With the cards turned, and the Minister of Economy Sergio Massa negotiating the planned disbursement of US$10,000 million from the International Monetary Fund and the expansion of the china exchange to facilitate the payment in yuan of imports from that country, uncertainty about what to do to cover the storm is the order of the day.

At the monthly meeting of capital foundation now led by economist Carlos Pérez, a scheme based on what the government has been presented “you want and you can avoid”, in what “he wants and can’t help it” and in what “He wants to but it is not known if he will be able to avoid it”.

Among the issues that the government can certainly avoid are the financing of the fiscal deficit and a restructuring of the public debt.

The goal that the government of do not issue to finance the deficit prosecutor has been forgotten.
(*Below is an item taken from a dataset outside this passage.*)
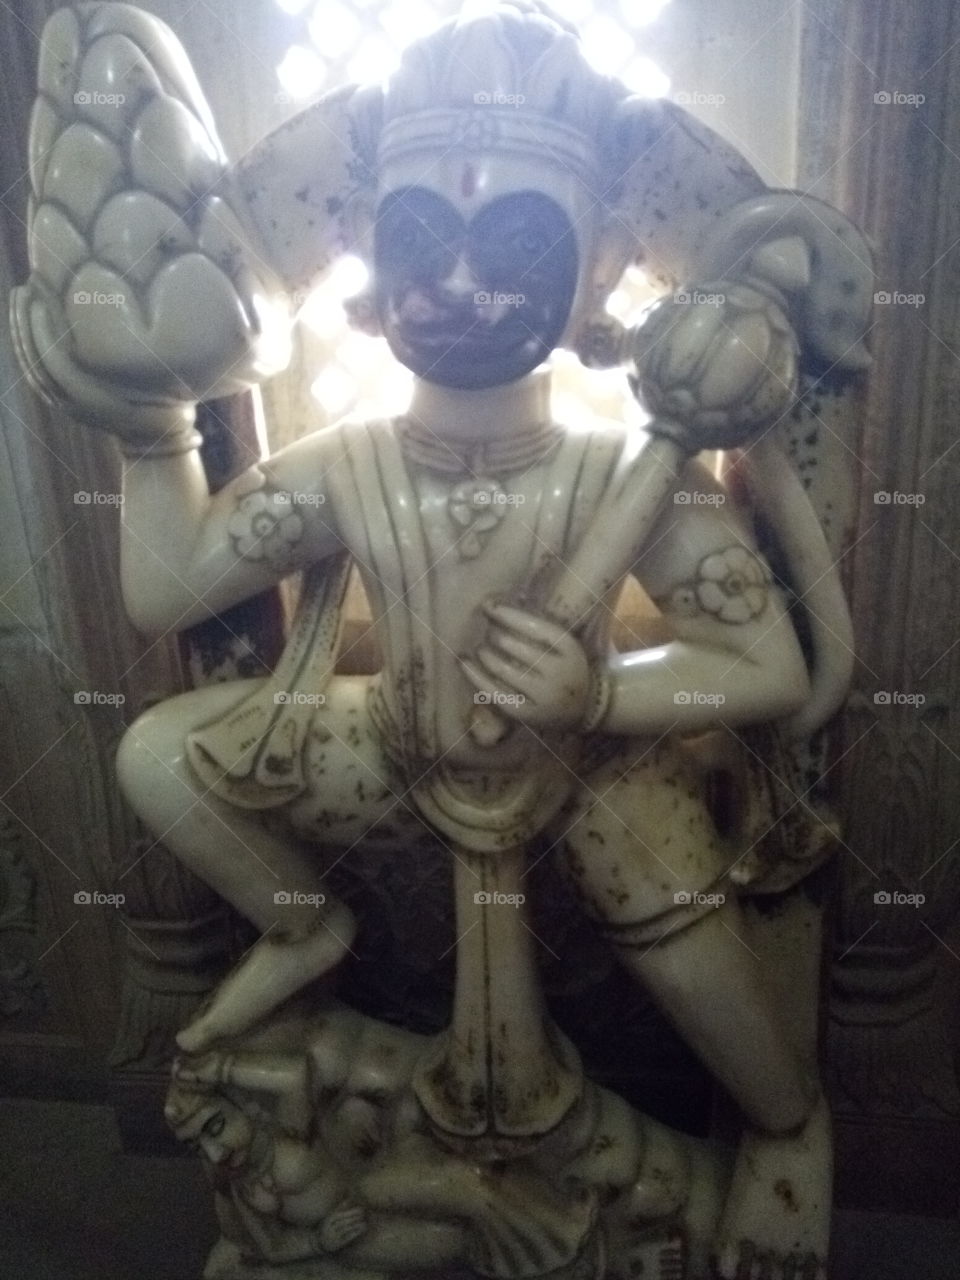 Gr8 God of hindu religion known as hanuman

In the first four months of the year, the assistance of the Central Bank to the Treasury explained “almost entirely the financing of the fiscal deficit”.

Between the Temporary Advances, the intervention on the bond market and the fall in Treasury deposits in the Central, the loan has largely exceeded one trillion pesos.

But it is just that increase in emissions which suggests that the government will resort to the “little car” before restructuring any public debt.

This includes all deposits in both dollars (continuing to fall) and pesos, which now offer 97% annual interest on time deposits.

Among what the government wants to avoid, but cannot, there are two tangible and painful results: the qualitative leap inflation and the decline in economic activity in the second half of the year.

Cost-of-living increases of 7.7% in March and 8.4% in April accelerated the process of money fleeing, burning silver in the hands of Argentines seeking protection.

And the decision to “consume in an effort to beat inflation” took effect amid falling people’s real incomes.

Also, among “what cannot be avoided” is the expansion of the currency gap: the Central has stopped intervening on the market and the gap between the official dollar and the free one (Mep and cash with liquidation) has exceeded 100%, an indicator that the exchange rate is still under pressure.

Finally, the report focuses on what the government would like to avoid, but it is not known whether it will succeed: a leap in the exchange rate in an attempt to reset exchange rate expectations until the end of the year.

The latest foreign currency purchases by the Central cannot compensate for the fact that the Central reserves remain in the negative range (-1,400 million dollars) and the economic team maintains its dual stance with respect to what is to come in terms of exchange rate stability.

On the one hand, the interest rate jumped six percentage points to 97% annually in an attempt to stop savers from betting on the dollar.

On the other, it cuts Now 12 interest rates and announces the expansion of funding margins of credit cards to moderate the drop in purchasing power due to inflation and to encourage consumption.

The signs of economic stability and the contrary ones required by the political needs of the government in the election year collide head-on in a moment of high exchange rate sensitivity.